■ WHAT THE TASK ASKS ■
When you transcribe the lines below, keep every word the same and leave the pictures behind.

■ GIVEN DATA ■
------------------------------

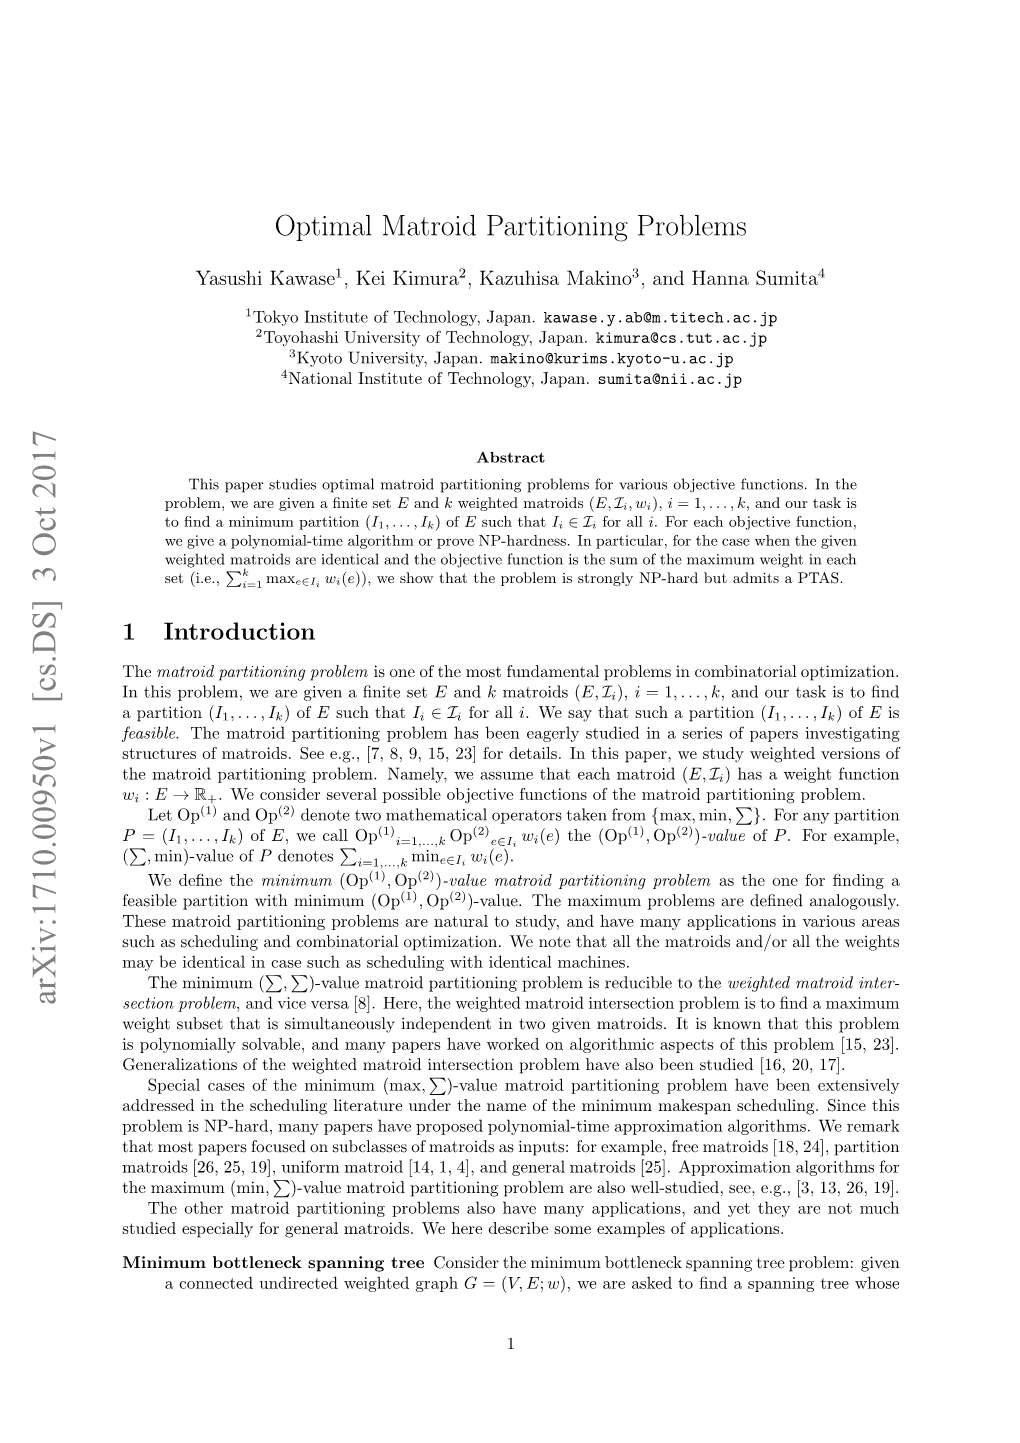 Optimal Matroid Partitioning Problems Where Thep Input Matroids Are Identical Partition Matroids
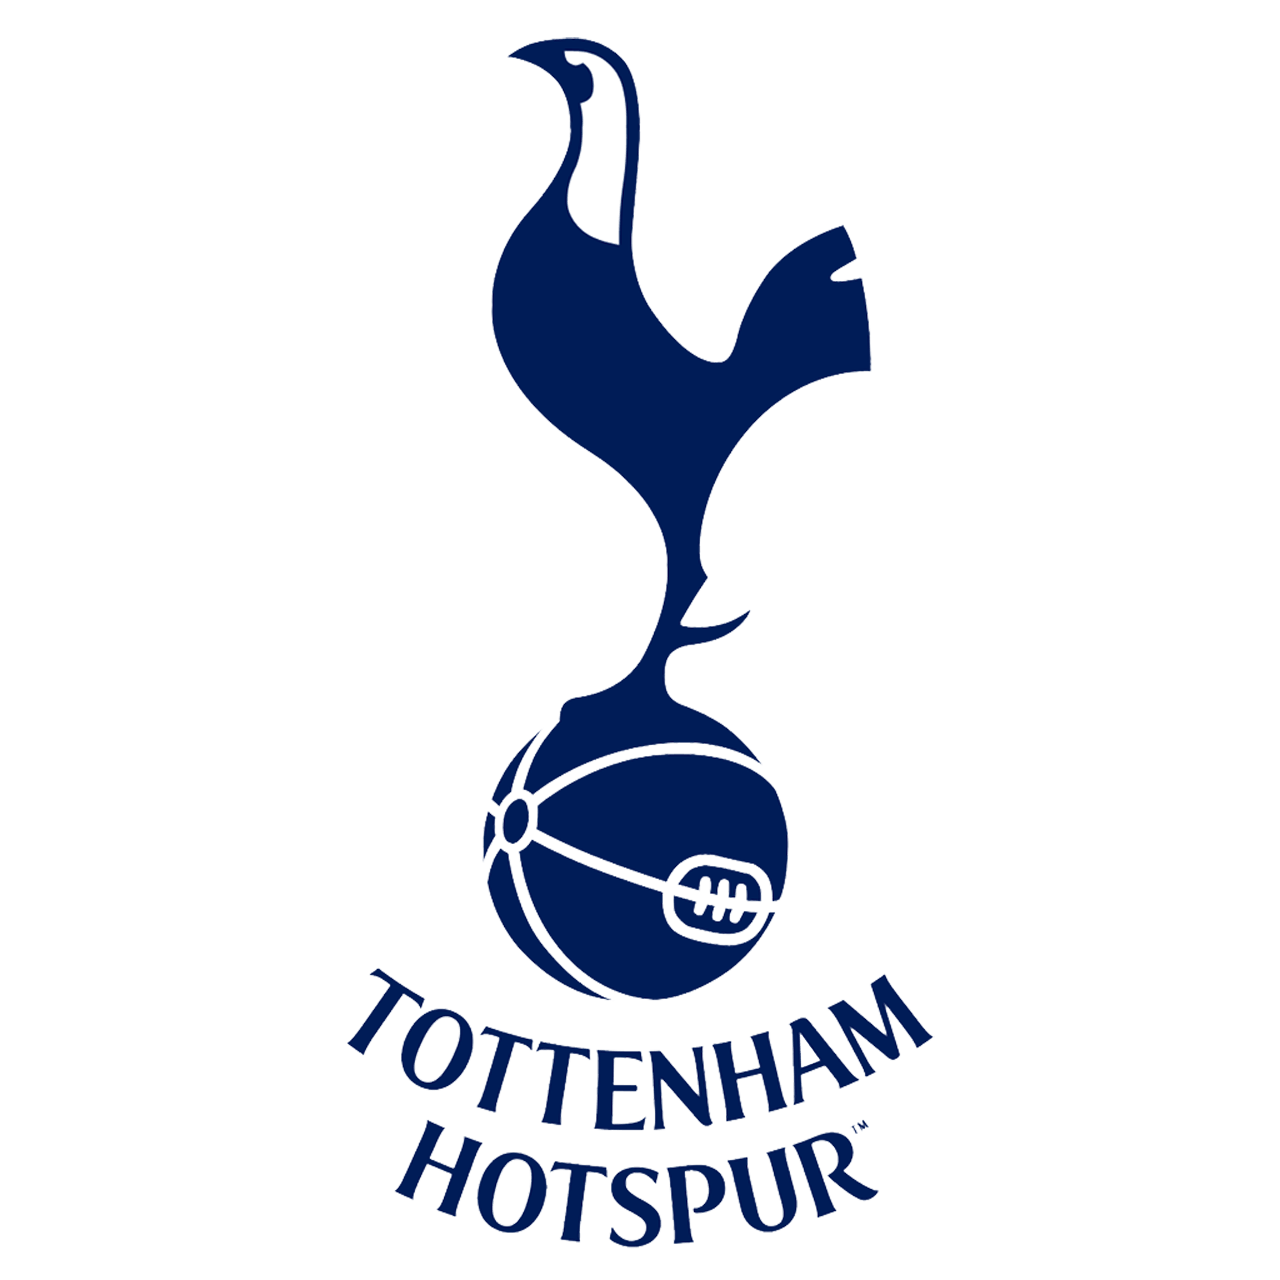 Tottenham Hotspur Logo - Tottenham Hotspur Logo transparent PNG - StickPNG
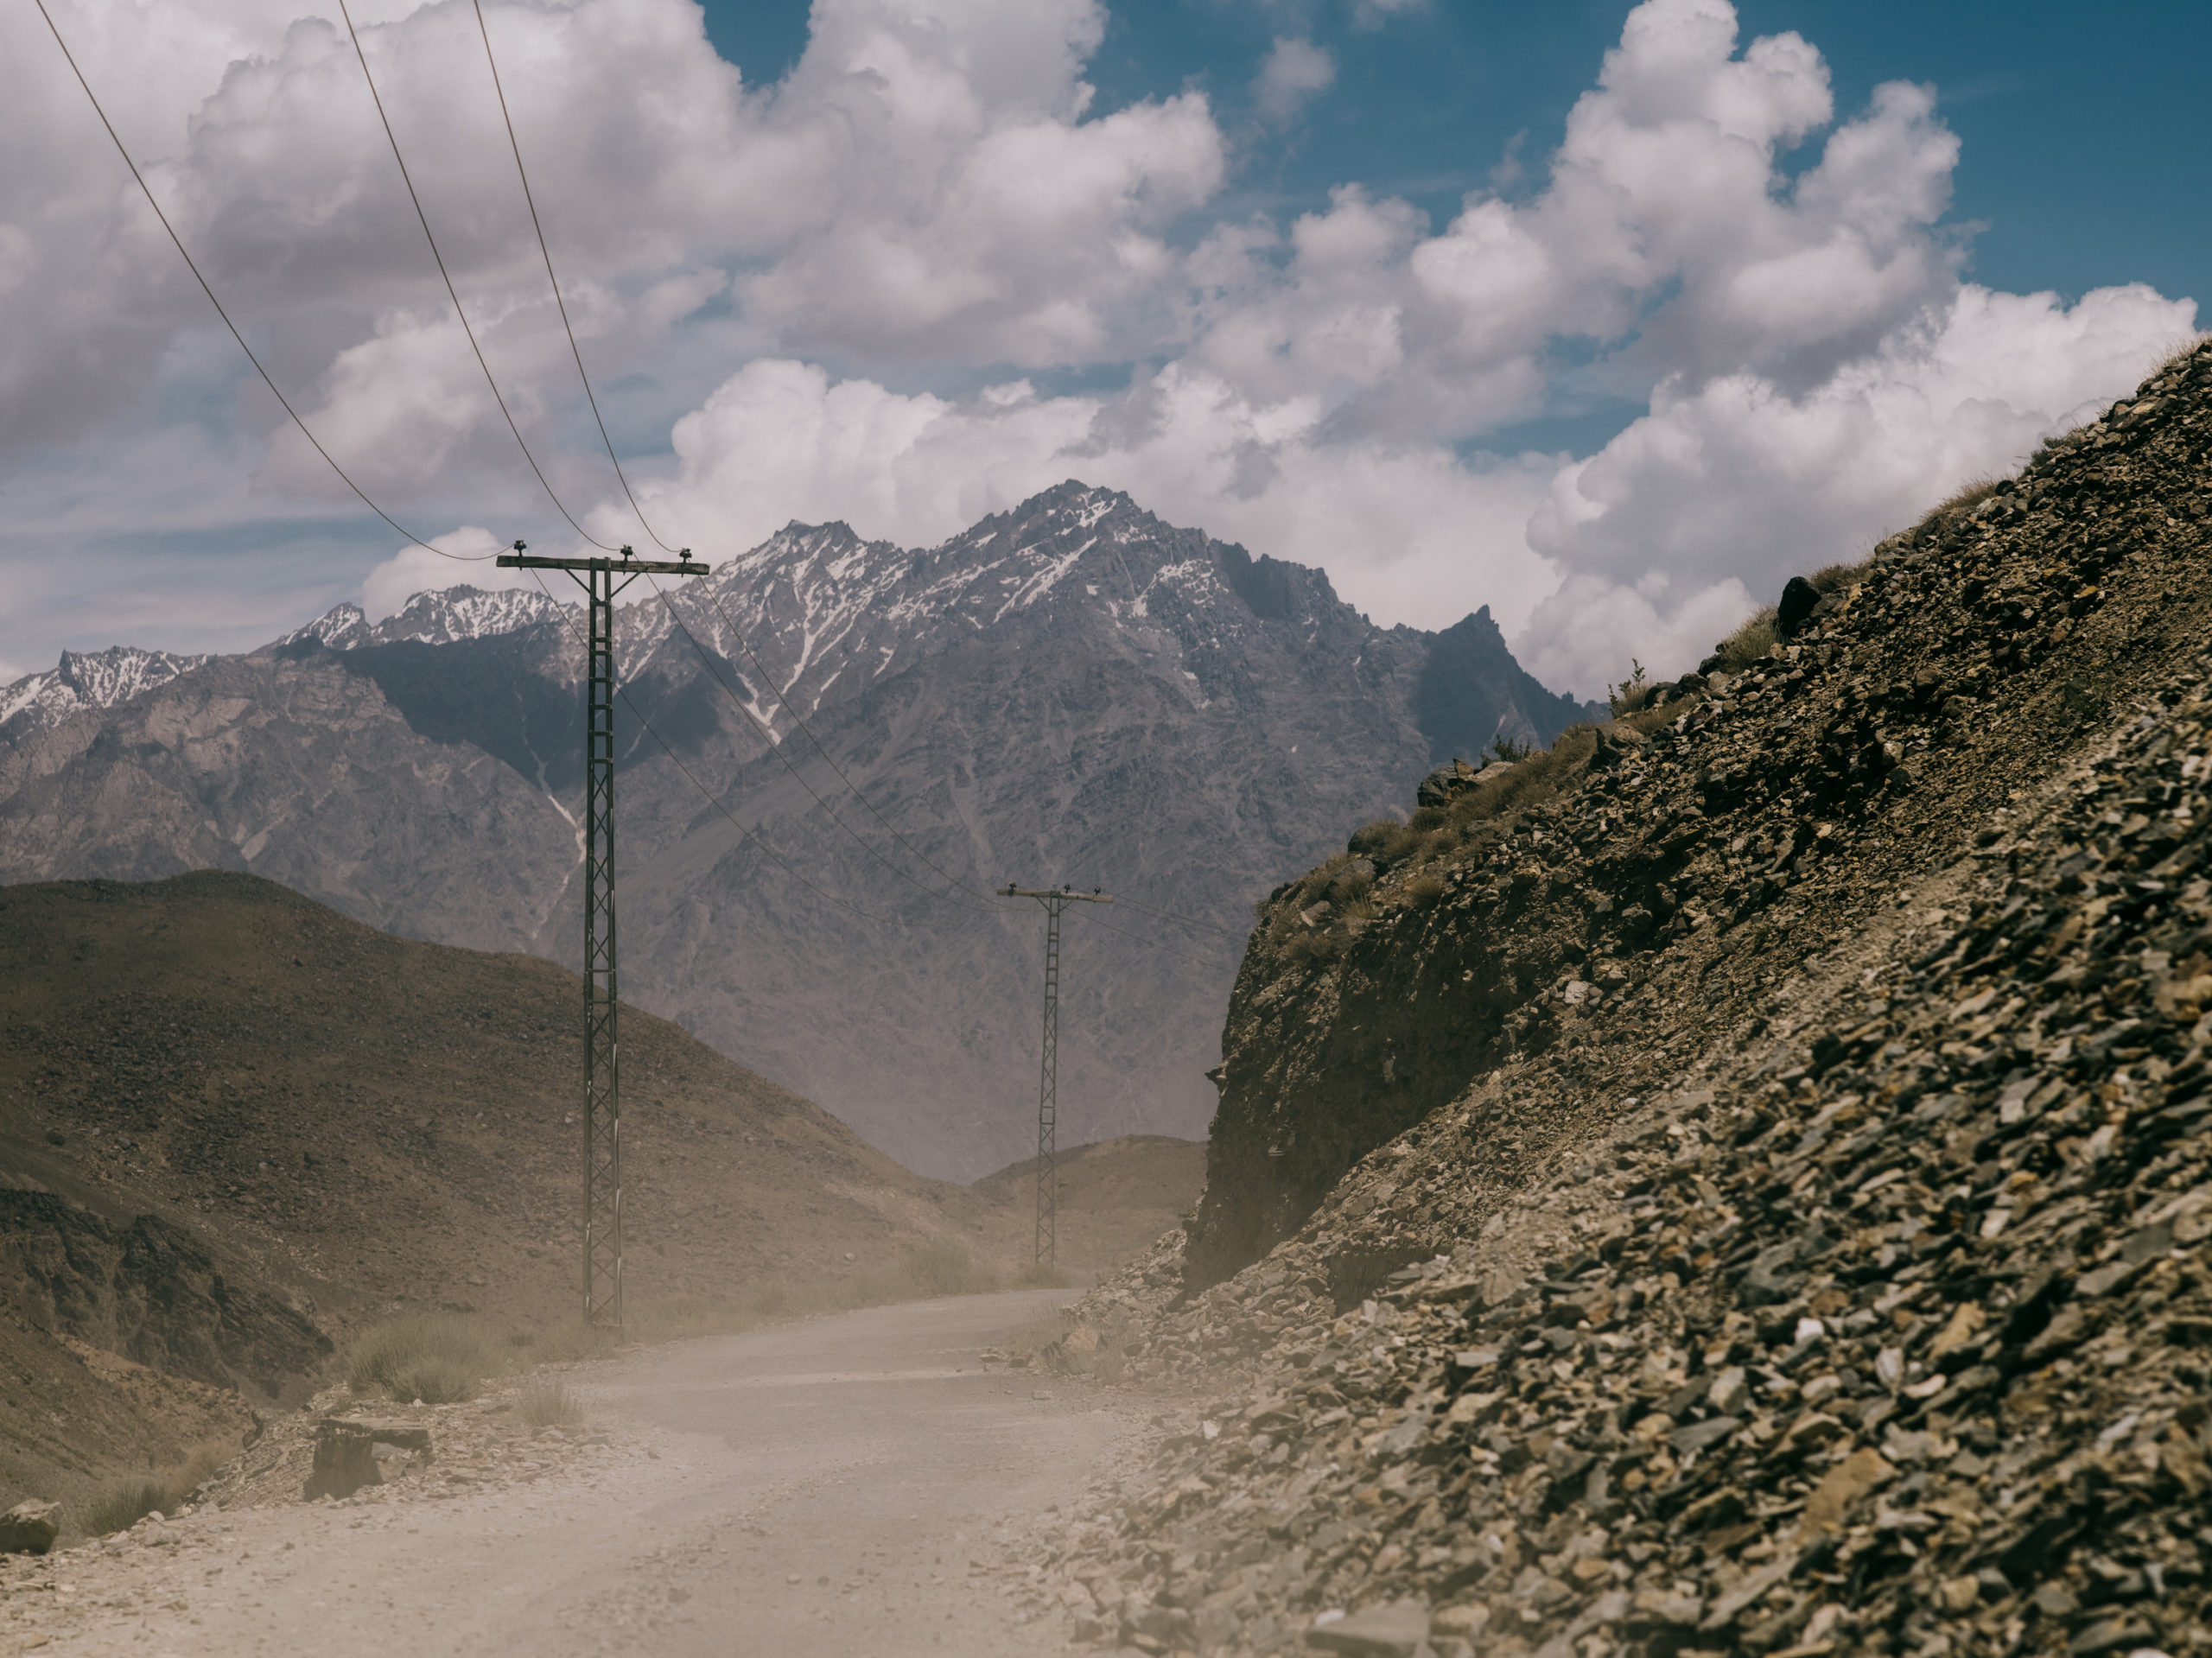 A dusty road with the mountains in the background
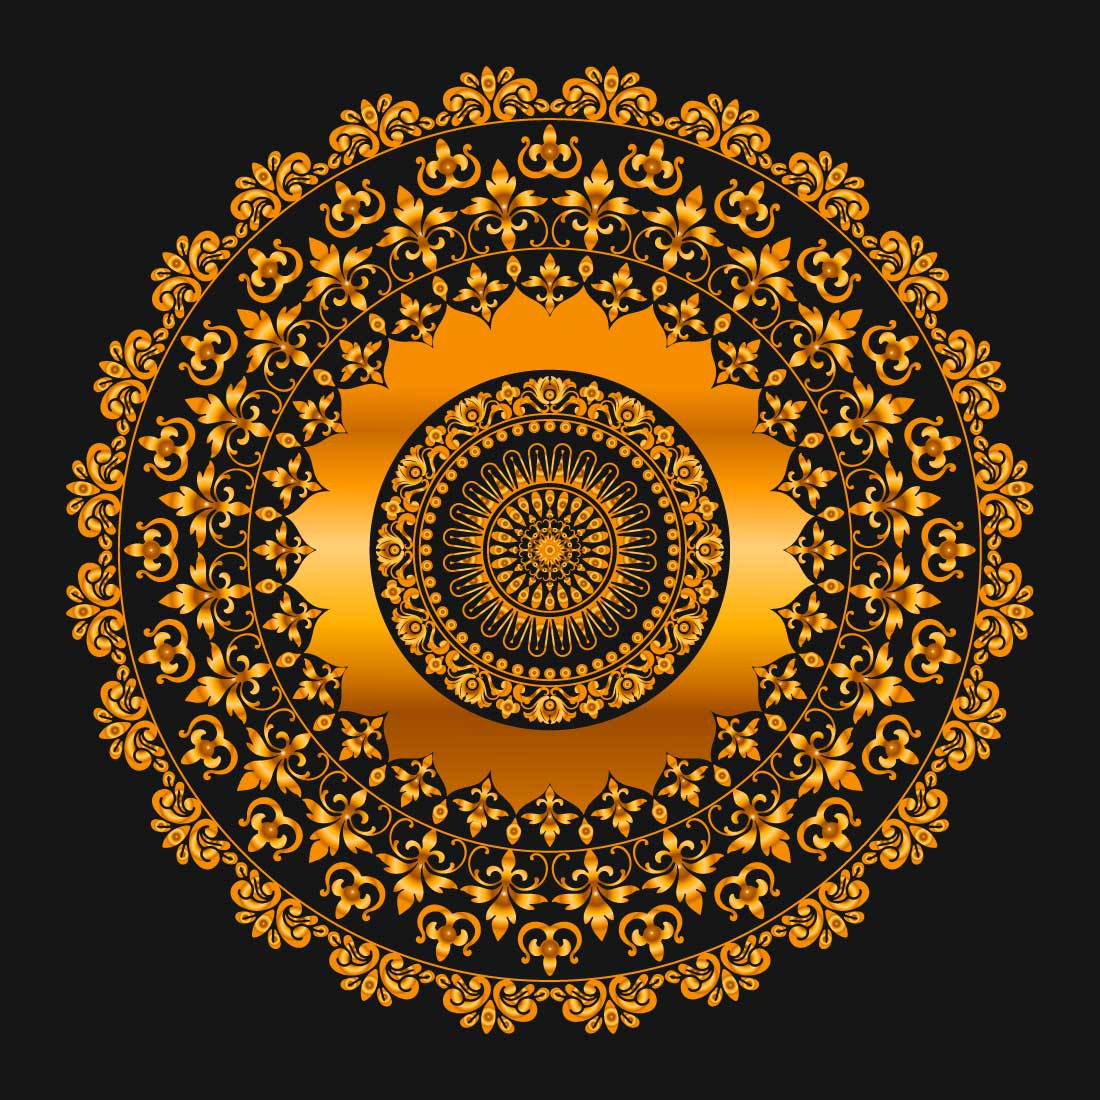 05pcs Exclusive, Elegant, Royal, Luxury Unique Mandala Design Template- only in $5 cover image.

------------------------------

■ EXERCISE SOLUTION ■
 Optimal Matroid Partitioning Problems Where Thep Input Matroids Are Identical Partition Matroids
 Tottenham Hotspur Logo - Tottenham Hotspur Logo transparent PNG - StickPNG
 A dusty road with the mountains in the background
 05pcs Exclusive, Elegant, Royal, Luxury Unique Mandala Design Template- only in $5 cover image.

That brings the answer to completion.